WORK ITEM =
Keep the pictures out, and restate the listing that follows exactly as written.

GIVEN MATERIAL =
----

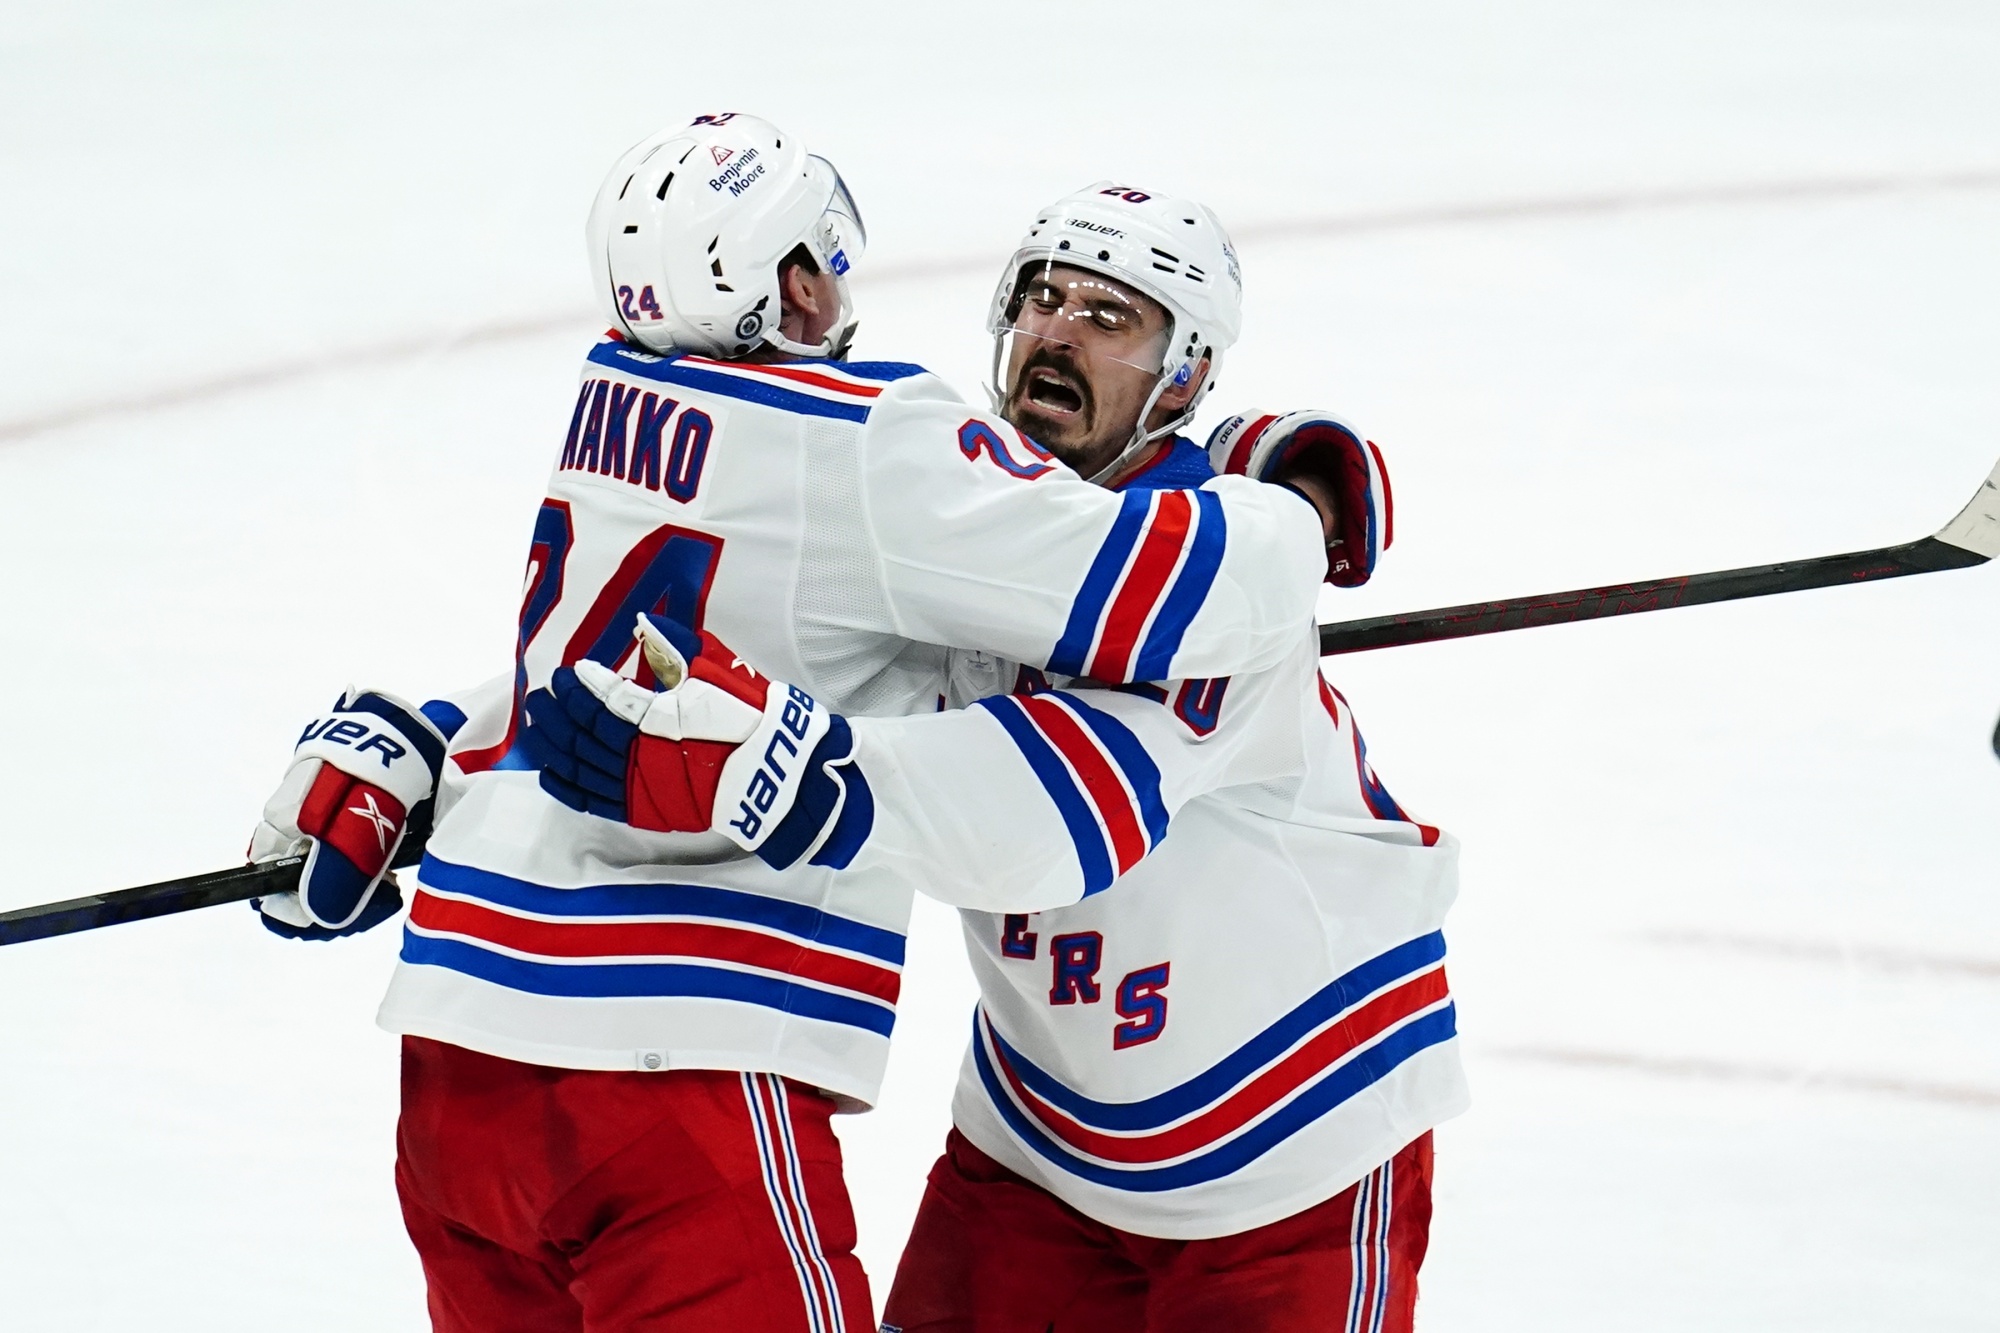 A SHORTHANDED BREAKAWAY GOAL FOR KREIDER. CK HAVE IT YOUR WAY
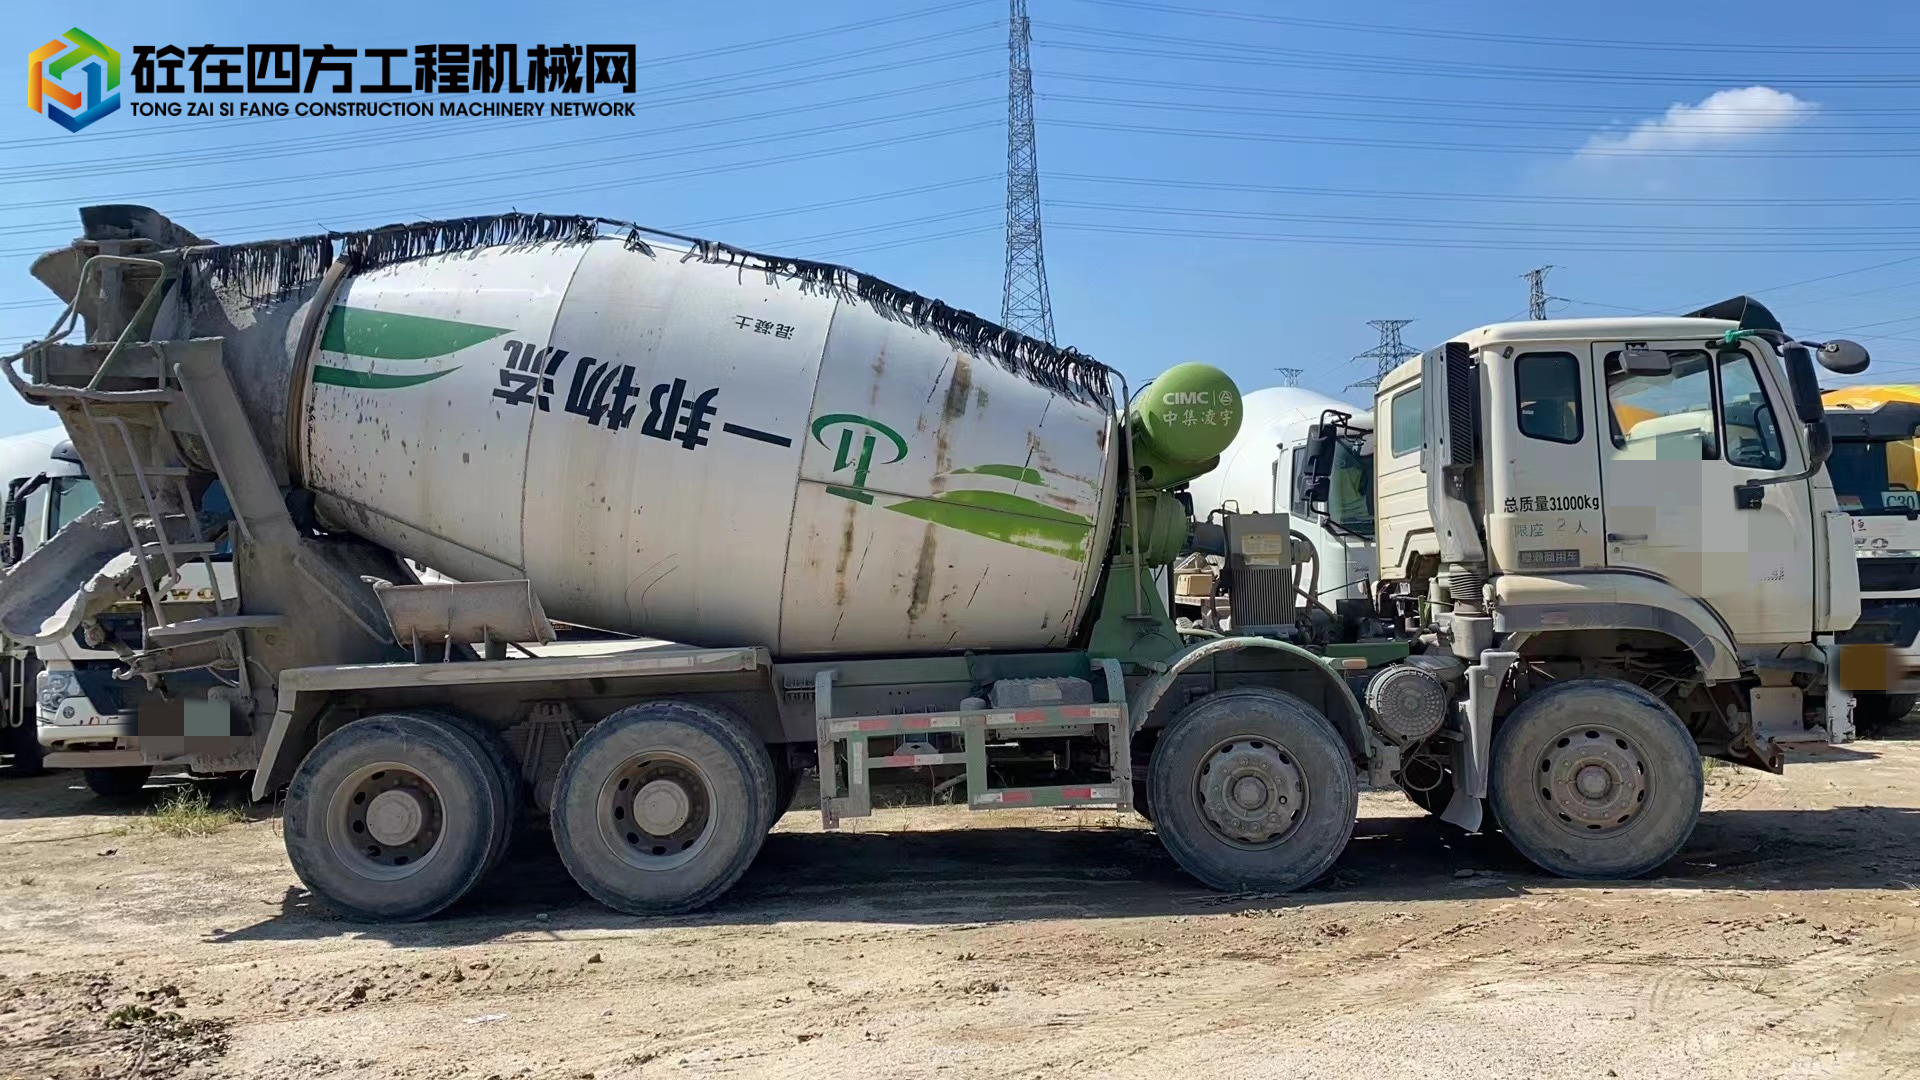 https://images.tongzsf.com/tong/truck_machine/20240102/16593cb55ad1ee.jpg
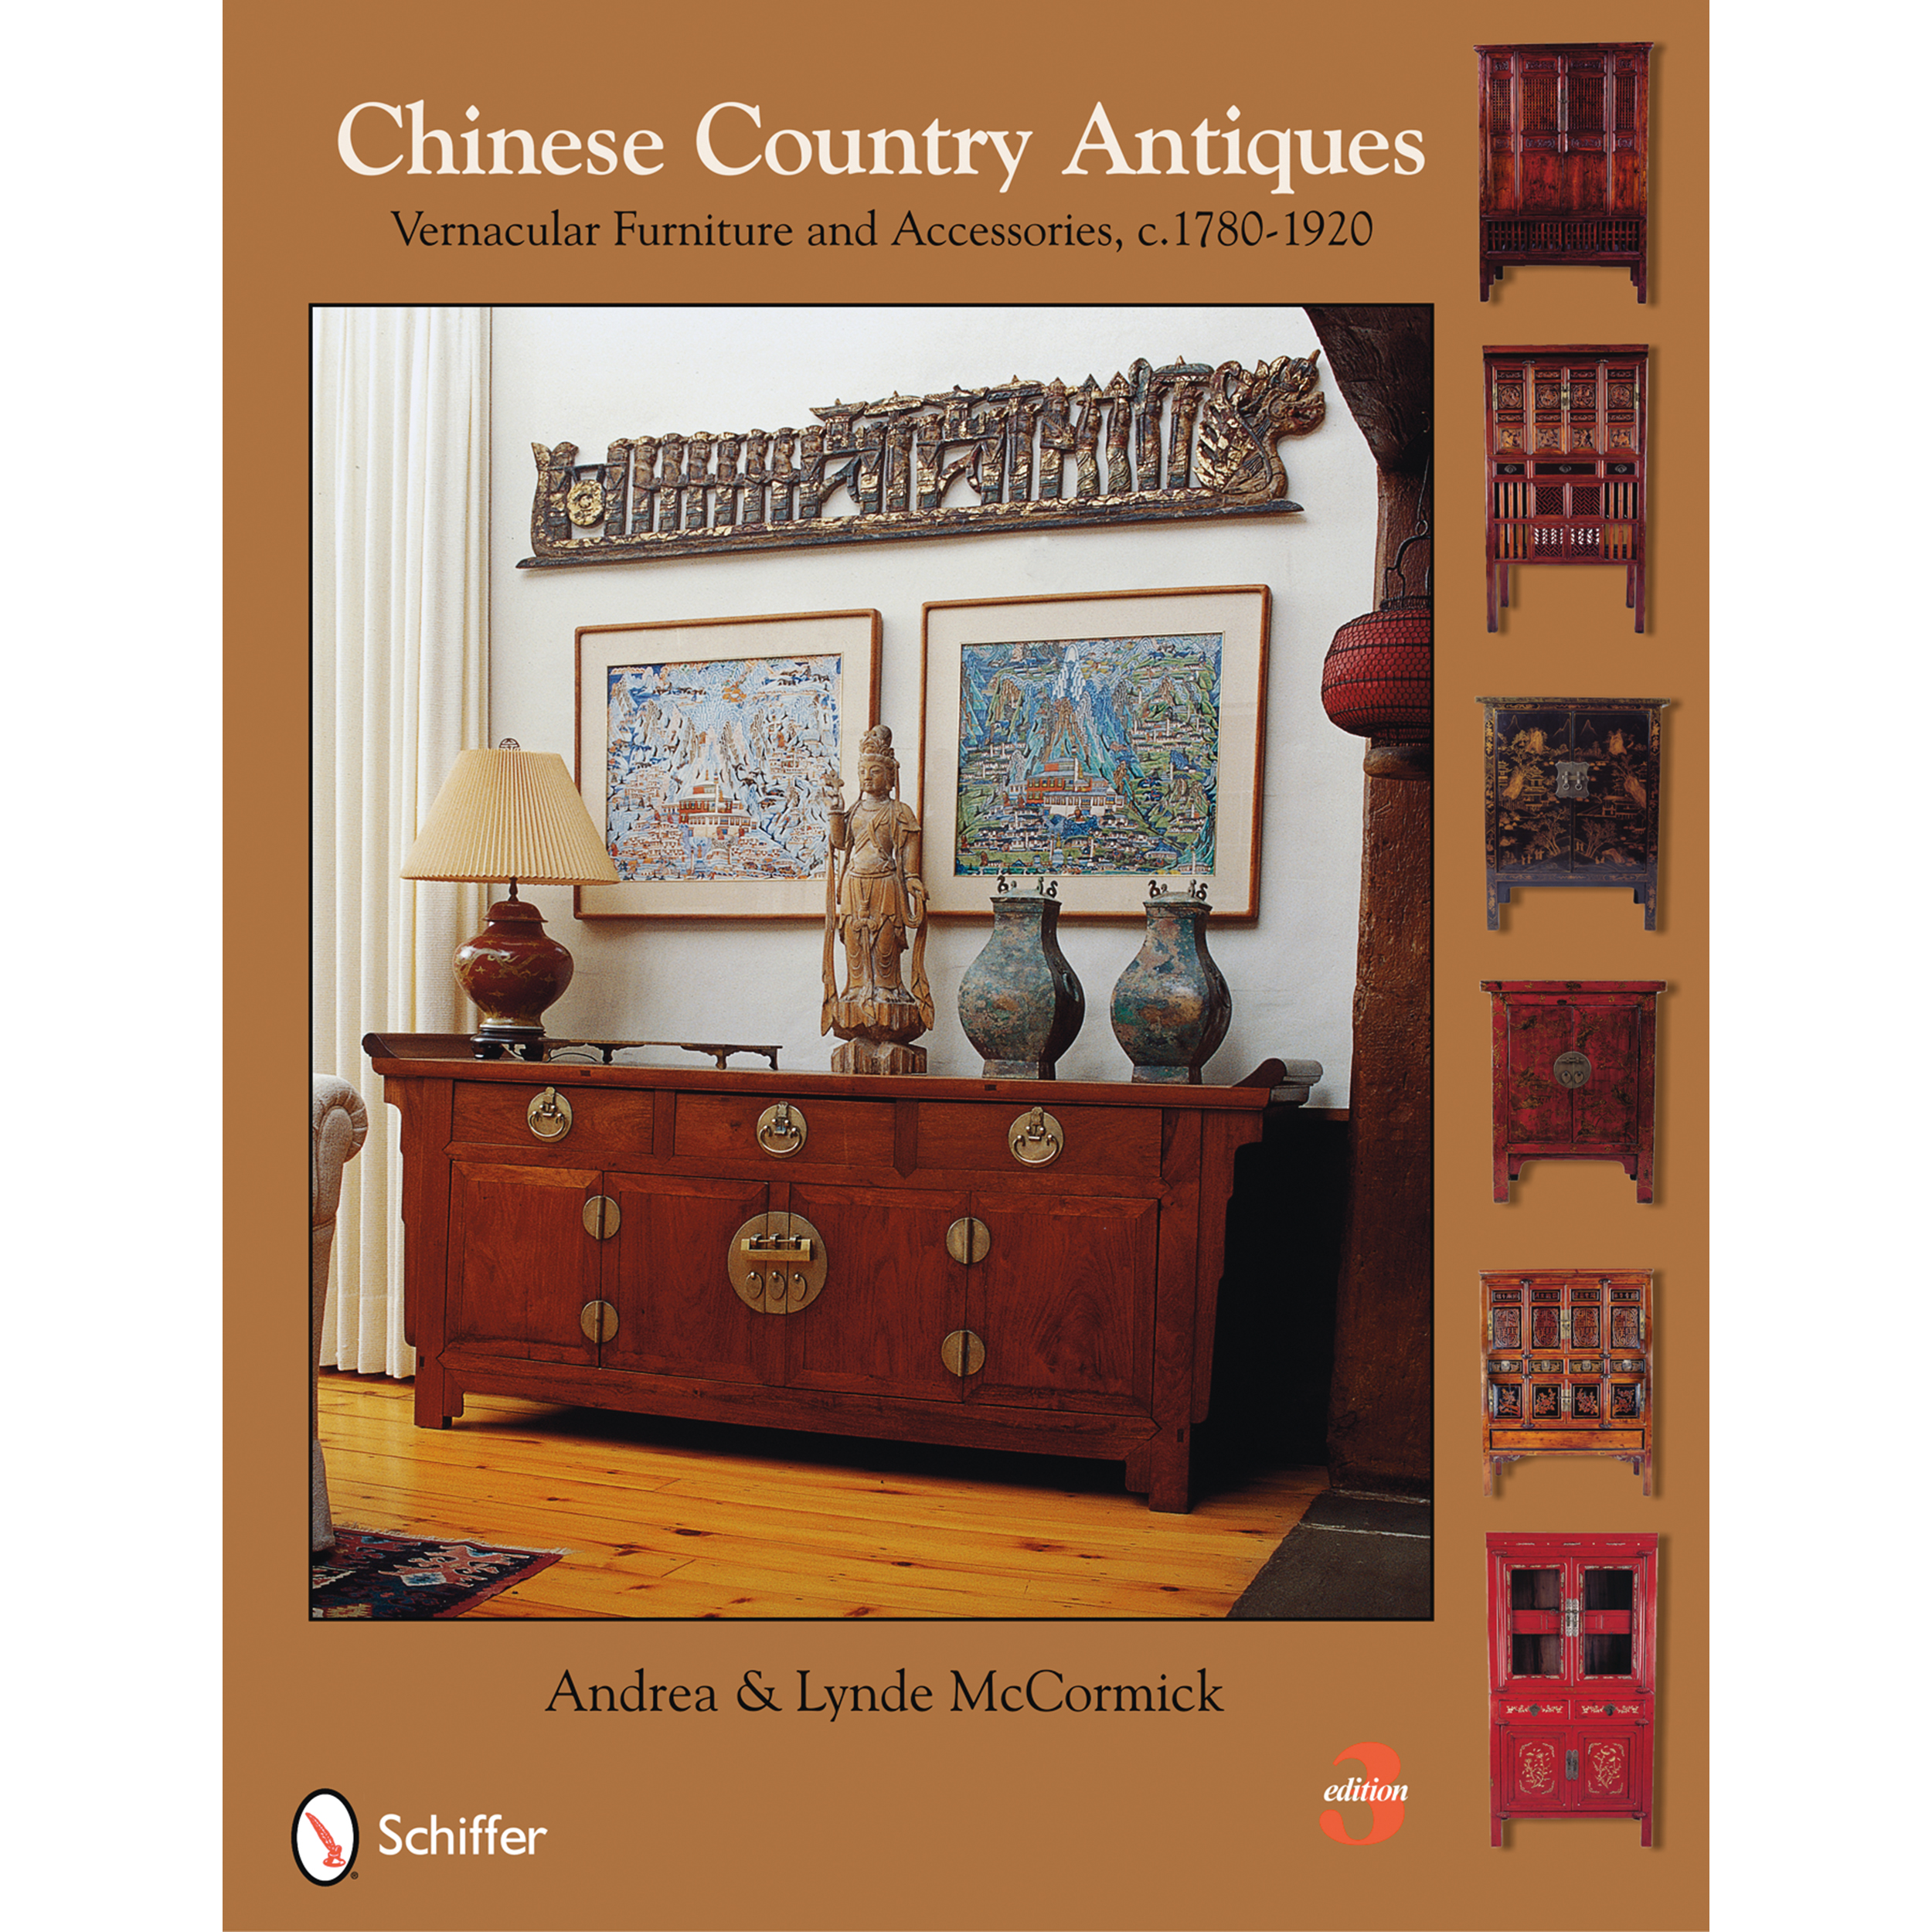 Chinese Country Antiques: Vernacular Furniture And Accessories, C.1780-1920, 3rd Edition

----

ANSWER FOR THIS EXERCISE =
 A SHORTHANDED BREAKAWAY GOAL FOR KREIDER. CK HAVE IT YOUR WAY
 https://images.tongzsf.com/tong/truck_machine/20240102/16593cb55ad1ee.jpg
 Chinese Country Antiques: Vernacular Furniture And Accessories, C.1780-1920, 3rd Edition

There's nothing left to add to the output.